One vulnerability, multiple shapes

An entertaining example of shared heritage of hardware involves the ROCA (Return Of Coppersmith Attack) vulnerability from 2017. Researchers discovered a vulnerability in the RSA key generation logic in Infineon chips. This was not a classic case of randomness failure: the hardware did not lack for entropy for a change. Instead it had a faulty logic that over-constrained the large prime numbers chosen to create the RSA modulus. It turns out that moduli generated as the product of such primes were vulnerable to ancient attack that allowed efficient factoring, breaking the security of such keys. This one bug affected a wide range of products all based on the same underlying platform:

One bug, one secure hardware platform, multiple manifestations.

Beyond form-factor: trusted user interface

There are some USB tokens with additional functionality that at least theoretically improve security compared to using vanilla cards. Most of these involve the introduction of a trusted user interface, augmenting the token with input/output devices so it can communicate information with the user independently of the host. Consider a scenario where digitally signing a message authorized the in transfer of money to a specified bank account. In addition to securing the secret key material that generates those signatures, one would have to be very careful about the messages being signed. An attacker does not need to have access to the key bits to wreak havoc, although that is certainly sufficient. They can trick the authorized owner of the key to sign a message with altered contents, diverting funds into a different account without ever gaining direct access to the private key.

This problem is difficult to solve with standard smart-cards, since the message being signed is delivered by the host system the card is attached to. On-card applications assume the message is correct. With dual-interface cards, there are some kludgy solutions involving the use of two different hosts. For examples the message can be streamed over contact interface initially, but must be confirmed from again over contactless interface. This allows using a second machine to verify that the first one did not submit a bogus message. Note that dual-interface is necessary for this, since the card can not otherwise detect the difference between initial delivery and secondary approval.

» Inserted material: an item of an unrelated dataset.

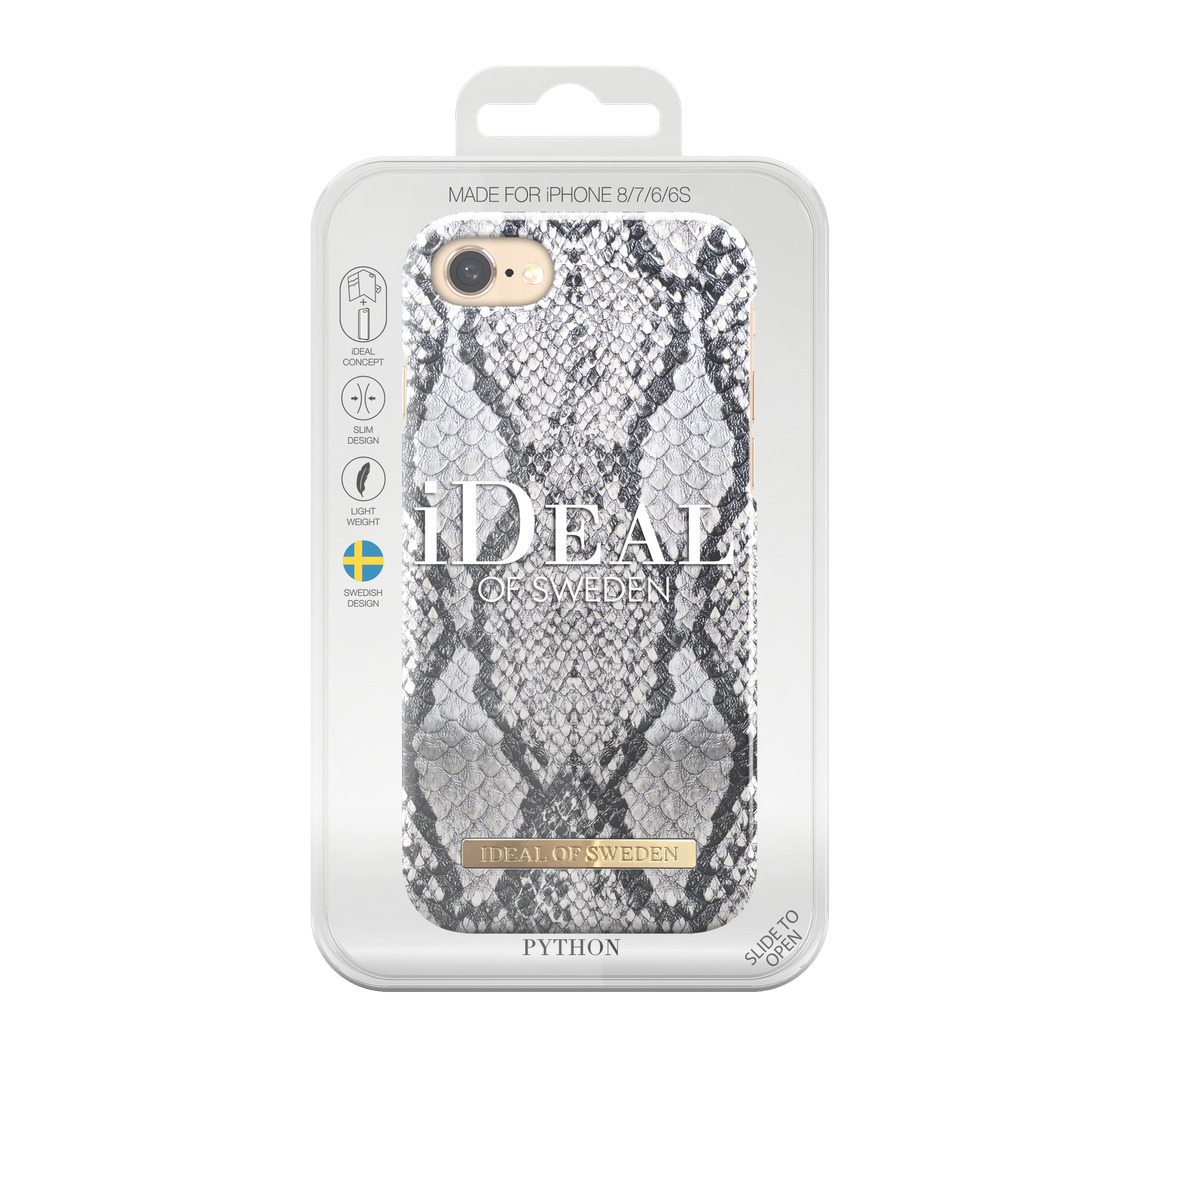 OF Backcover, SWEDEN Apple, iPhone IDEAL iPhone 8, 6, Fashion, Python iPhone 7,
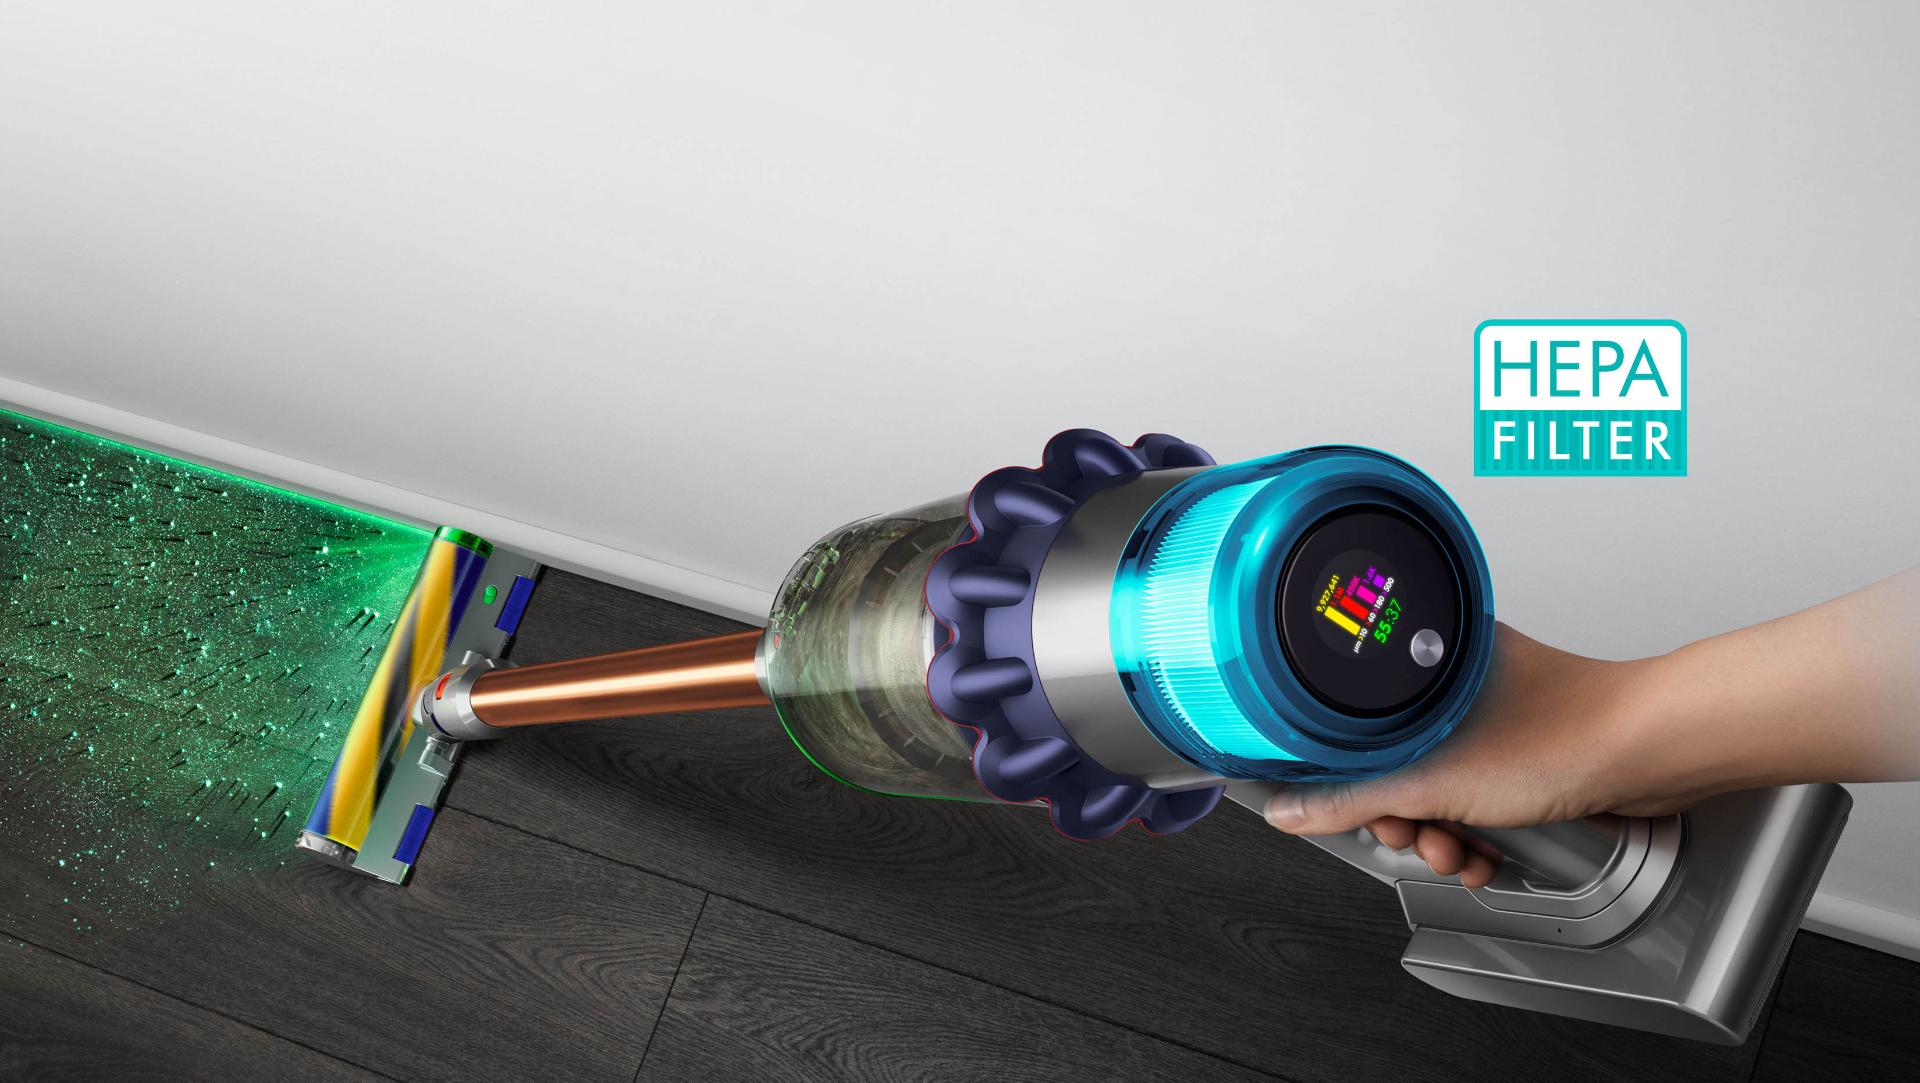 Close-up of hand holding the Dyson V15 Detect vacuum

A much better solution is to equip the “card” with UI that can display pertinent details about the message being signed along with a mechanism for users to accept or cancel the operation. Feitian LCD PKI token is an example of a USB token with exactly that capability. It features a simple LCD display and buttons. On-board logic parses and extracts crucial fields from messages submitted for signing, such as amount, currency and recipient information in the case of a money transfer. Instead of immediately signing the message, the token displays a summary on the display and waits for affirmative approval from the user via one of the buttons. (Those buttons are physically part of the token itself. Malicious code running on the host can not fake a button press.) Similar ideas have been adopted for cryptocurrency hardware wallets, with one important difference: most of those wallets are not built around a previously validated smart-card platform. The difference is apparent in the sheer number of trivial & embarrassing vulnerabilities in such products that have long been eliminated in more mature market segments such as EMV.

The challenge for all of these designs is that they are necessarily application specific, because the token must make sense of the message and display summarize it in a succinct way for the user to make an informed decision. For all the time standards groups have spent putting angle brackets (XML) or curly braces (JSON) around data, there is no universal standard format for encoding information, much less its semantics. This requires at least some parsing and presentation logic hard-coded in the token itself, in a way that can not be influenced by the host. Otherwise if a malicious host can influence presentation on display, it could also alter the appearance of an unauthorized transaction to appear benign, defeating the whole point of getting having a human in the loop to sanity check what gets signed. Doing this in a general and secure way outside narrow applications such as cryptocurrency is an open problem.

CP